Jesus Christ Taxi Driver, photo by Hailey Jane

Thursday | 03.19
What: Jesus Christ Taxi Driver album release w/The Thing and Honey Blazer
When: 7
Where: The Bluebird Theater
Why: Jesus Christ Taxi Driver has been establishing itself as a kinetic live act from the Front Range of Colorado since founding in 2022. Plenty of acts have done the blues rock with power pop flair and punk energy but JCTD seems to be on a mission with ambitious songwriting to match its outsized stage presence. This year the group releases its new album, a follow up to 2023’s Like My Soul, titled Taxi the Rich. The record will see a vinyl release for this show a month ahead of its release on streaming platforms. If the previous album was an audacious and raucous affair the new record has a more focused clarity without losing the raw energy that has made the band so appealing like they’re channeling a bit of Jon Spencer Blues Explosion and Ty Segall simultaneously.

2charm, photo courtesy the artists

Thursday | 03.19
What: 2charm w/Abrii and Vyblossom
When: 7
Where: Larimer Lounge
Why: Australian electronic duo 2charm has been on its debut headlining tour of the USA including stops at SXSW in support of its new album star scum city. The record is like a fusion of club style EDM, hyperpop and more mellow glitchcore. In many ways the mood of the music is reminiscent of a more dance music manifestation of chillwave that fans of Charli XCX and Sextile may appreciate for the tonal richness and playfulness of the music.

Sunswept, photo by Tom Murphy

Friday | 03.20
What: hlao, SixFM, Sun Swept and Polly Urethane
When: 7
Where: Pablo’s East Colfax
Why: A stacked lineup of local underground ambient and avant-garde electronic music including a more beat-based approach with hlao, progressive folk psychedelia ambient with Sun Swept and performance art/classical art pop/noise collage with Polly Urethane’s often confrontational performances.

The Playground Ensemble in 2019 performing Eight Songs For a Mad King, photo by Tom Murphy

Saturday | 03.21
What: The Playground Ensemble at 20
When: 7am – 3am
Where: Various (see program below)
Why: The Playground Ensemble is celebrating its 20 years of existence with a series of events this day as outlined below. For more information click here to read our recent piece on the event and our interview with founder Conrad Kehn.

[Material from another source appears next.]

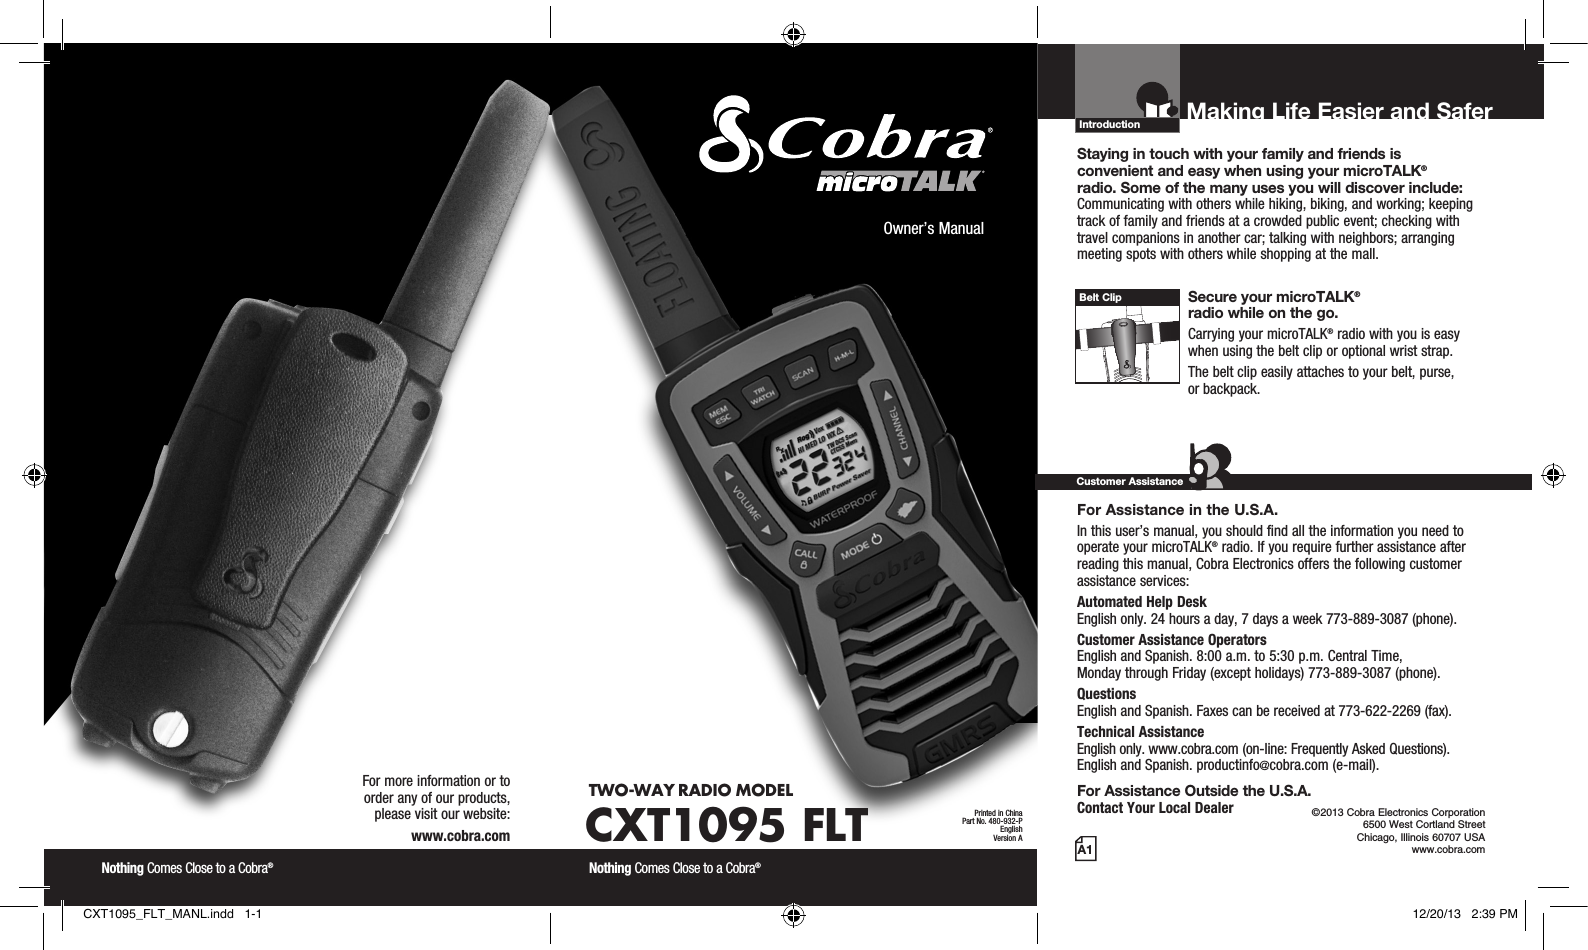 Introduction©2013 Cobra Electronics Corporation 6500 West Cortland Street Chicago, Illinois 60707 USAwww.cobra.comMaking Life Easier and Safer Staying in touch with your family and friends is  convenient and easy when using your microTALK®  radio. Some of the many uses you will discover include:Communicating with others while hiking, biking, and working; keeping track of family and friends at a crowded public event; checking with travel companions in another car; talking with neighbors; arranging meeting spots with others while shopping at the mall. Secure your microTALK®  radio while on the go.Carrying your microTALK® radio with you is easy when using the belt clip or optional wrist strap. The belt clip easily attaches to your belt, purse,  or backpack.For Assistance in the U.S.A. In this user’s manual, you should find all the information you need to operate your microTALK® radio. If you require further assistance after reading this manual, Cobra Electronics offers the following customer assistance services:Automated Help Desk  English only. 24 hours a day, 7 days a week 773-889-3087 (phone). Customer Assistance Operators  English and Spanish. 8:00 a.m. to 5:30 p.m. Central Time,  Monday through Friday (except holidays) 773-889-3087 (phone). Questions  English and Spanish. Faxes can be received at 773-622-2269 (fax). Technical Assistance  English only. www.cobra.com (on-line: Frequently Asked Questions).  English and Spanish. productinfo@cobra.com (e-mail).For Assistance Outside the U.S.A. Contact Your Local DealerCustomer AssistanceA1Owner’s ManualNothing Comes Close to a Cobra® Nothing Comes Close to a Cobra® For more information or to  order any of our products,  please visit our website:www.cobra.comBelt ClipPrinted in ChinaPart No. 480-932-PEnglishVersion ATWO-WAY RADIO  MODEL CXT1095 FLTCXT1095_FLT_MANL.indd   1-1 12/20/13   2:39 PM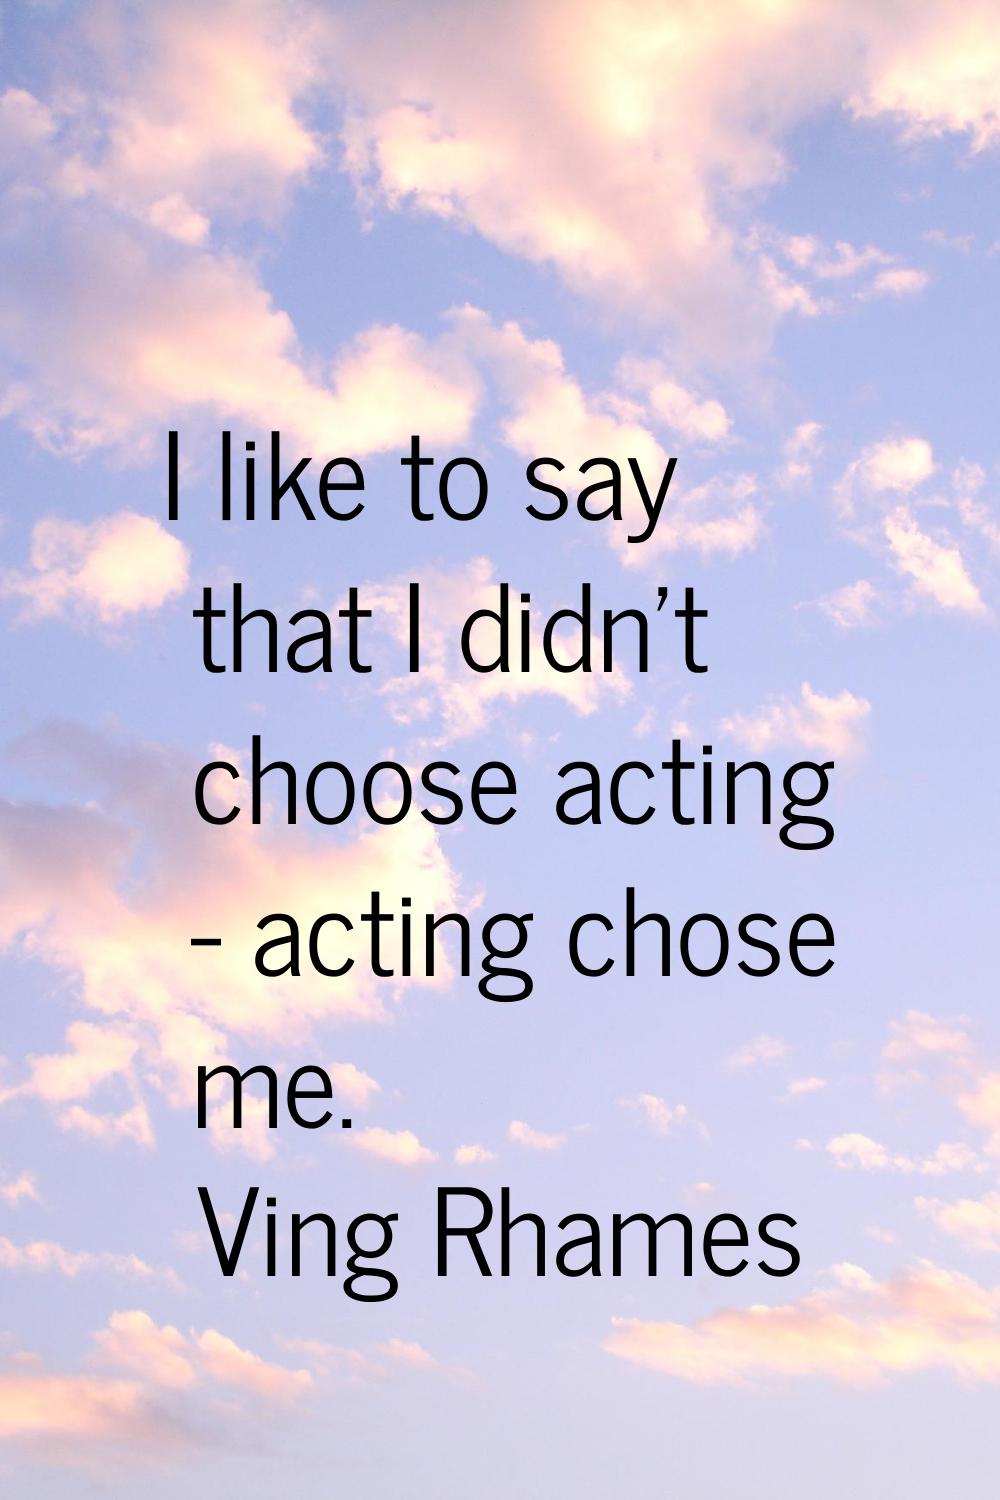 I like to say that I didn't choose acting - acting chose me.

Spontaneous Team Composition Workshop (all ages and levels welcome)
Metropolitan State University of Denver’s Kalamath Building
800 Kalamath St, Denver, CO 80204

Join Denver’s The Playground Ensemble as we celebrate our 20th season with a 20-hour MARATHON of new music.

The day opens at 7:00 AM with a yoga session and gong bath, followed by the Sound Bites breakfast meet-and-greet.

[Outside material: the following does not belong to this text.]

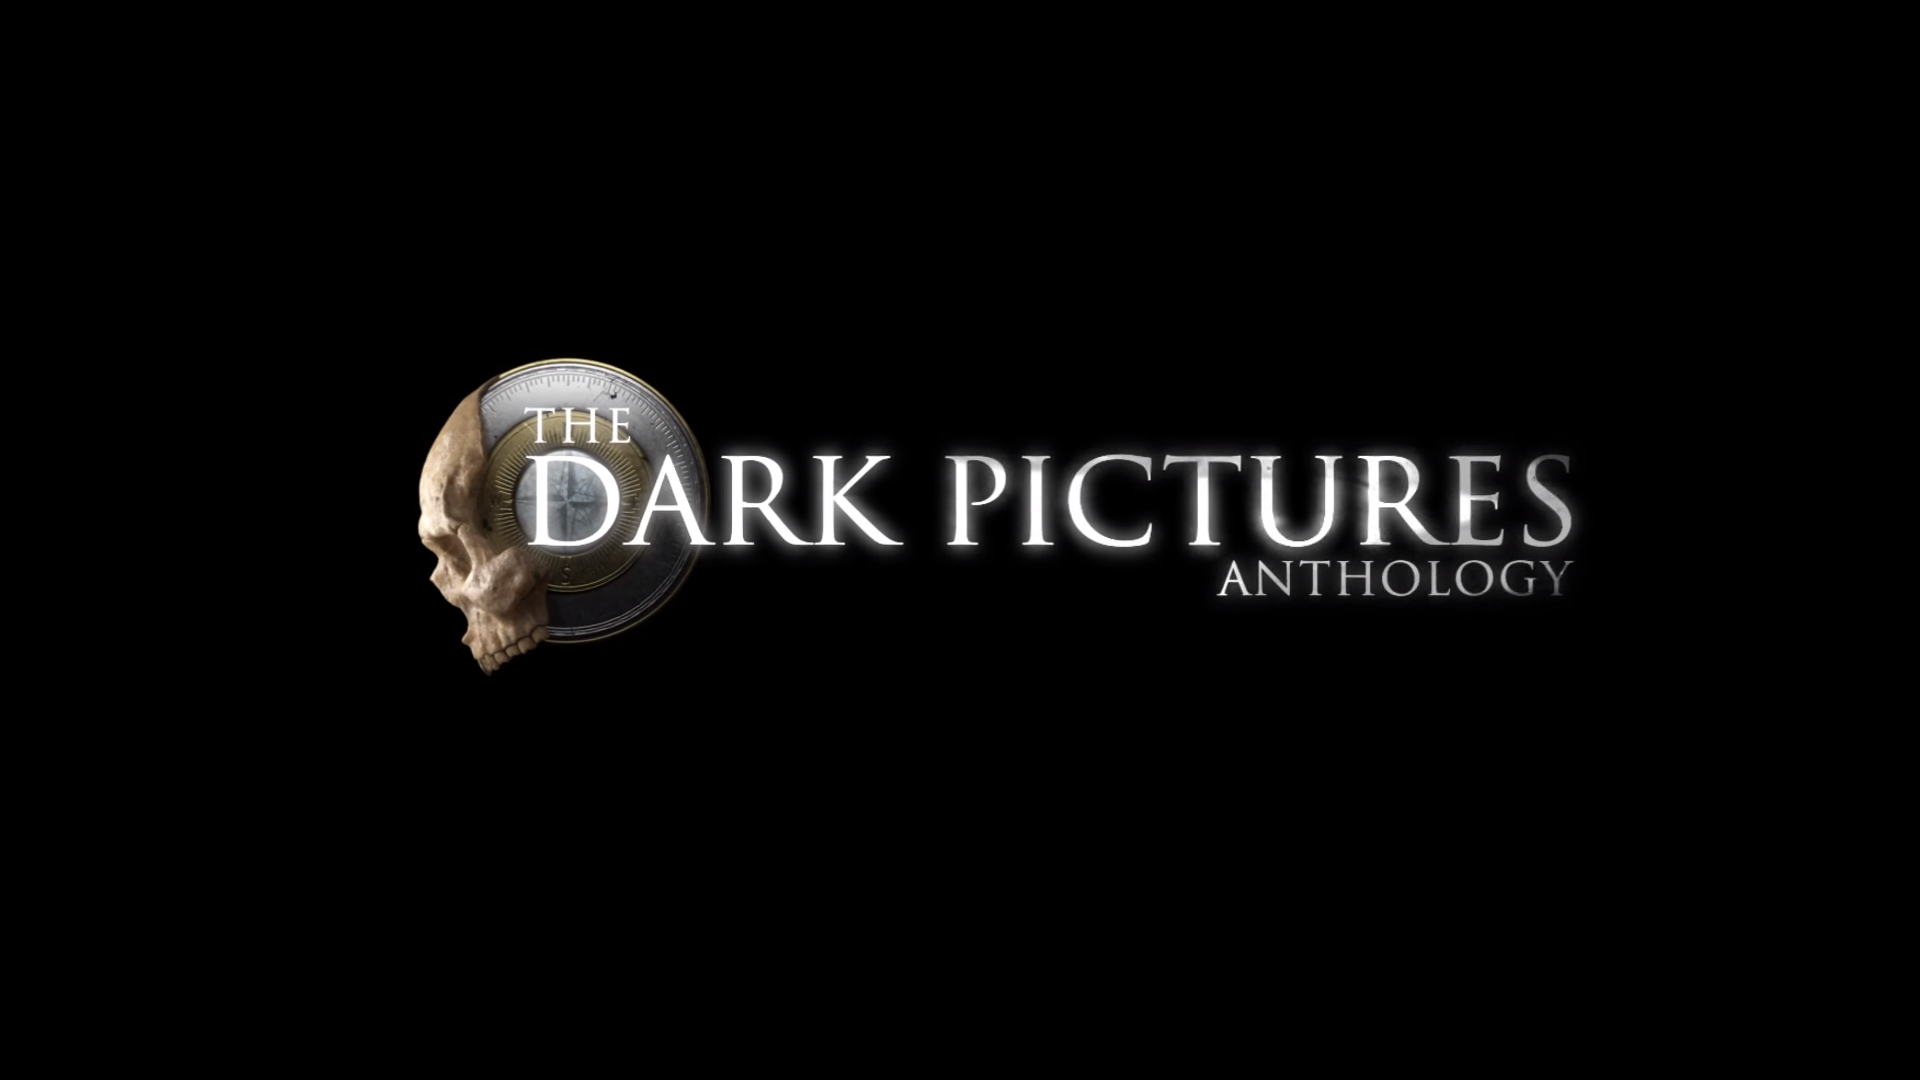 download free the dark pictures anthology the devil in me

After breakfast, participants will be divided into small groups and given 90 minutes to collaboratively create a new work to be shared at the end of the session. Each group will be facilitated by Playground Ensemble teaching artists who will guide participants through the music creation process using hand gesture composition, graphic notation, structured improvisation, digital audio workstations, and musical story-telling to name a few.

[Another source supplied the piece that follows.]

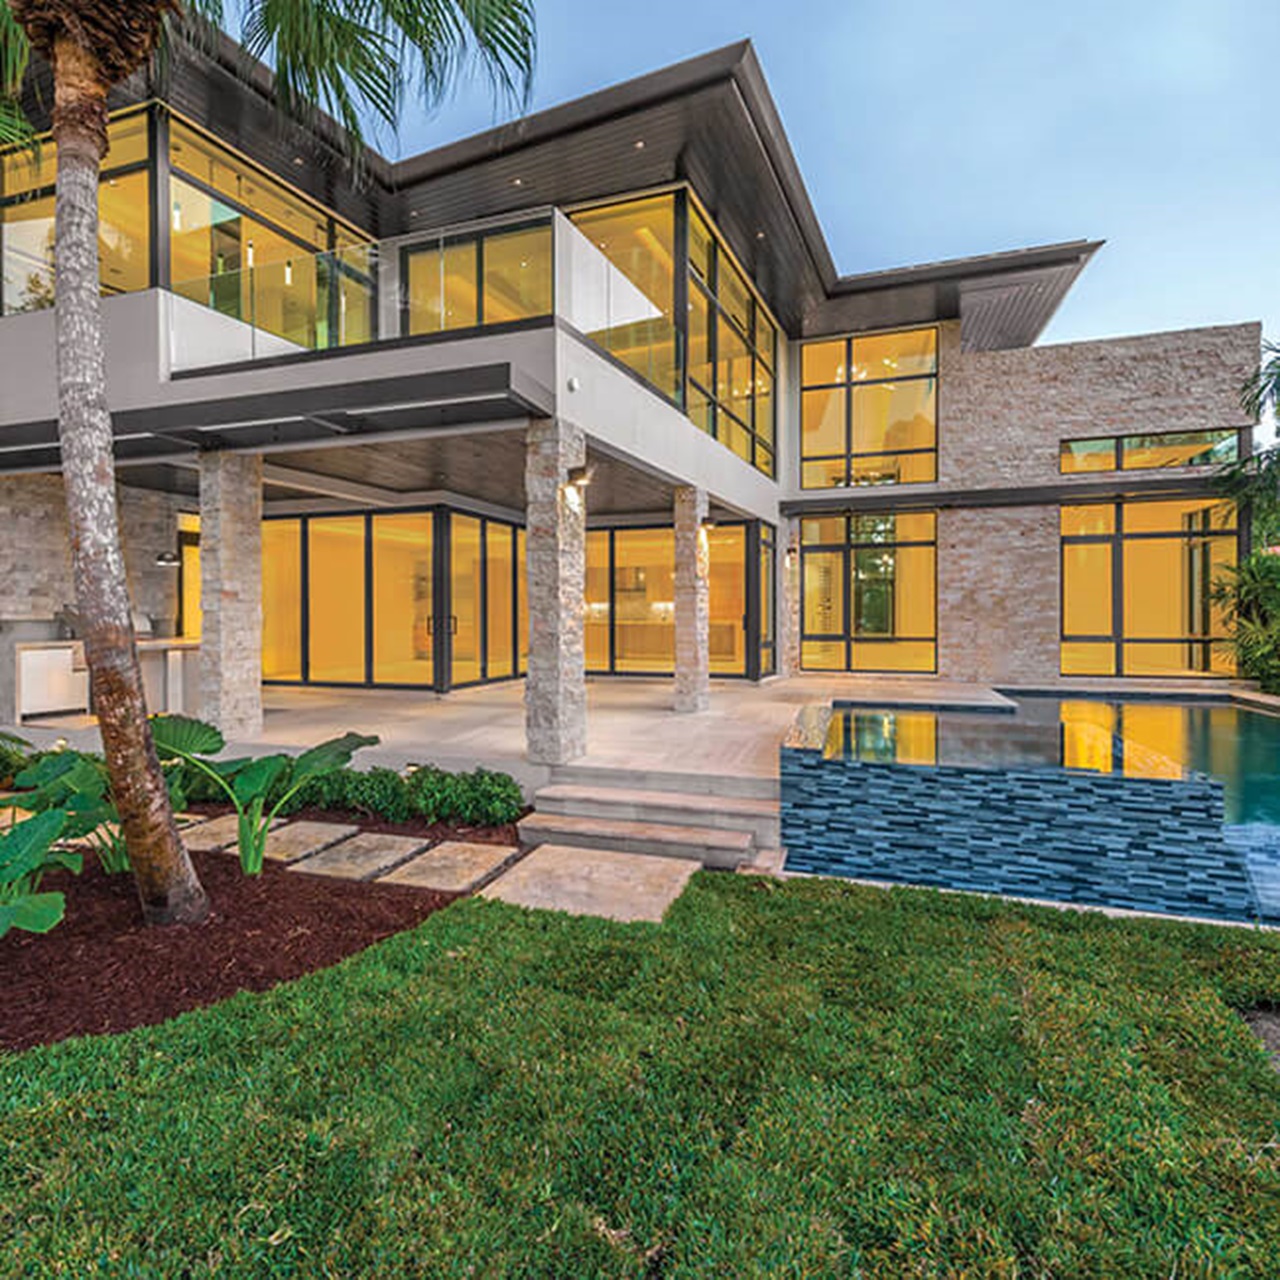 Exterior of home with Marvin Signature Coastline Casement Awning Picture Narrow Frame Windows and Multi-Slide Door

Bring your own instrument and we will also provide a variety of electronic and found sound instruments to help ‘orchestrate’ and inspire creativity. The teaching artists will demonstrate how these approaches are adaptable to a wide range of educational contexts and are accessible to learners of all ability levels and musical backgrounds. The session will conclude with a performance of each group’s composition.

Afternoon at The Stanley Marketplace
2501 N. Dallas St. Aurora, Colorado 80010

Join Denver’s The Playground Ensemble as we partner with Friends of Chamber Music to celebrate our 20th season with an afternoon of music creation and community at The Stanley Marketplace. Each session highlights a different part of what makes Playground Ensemble the innovative organization that it is.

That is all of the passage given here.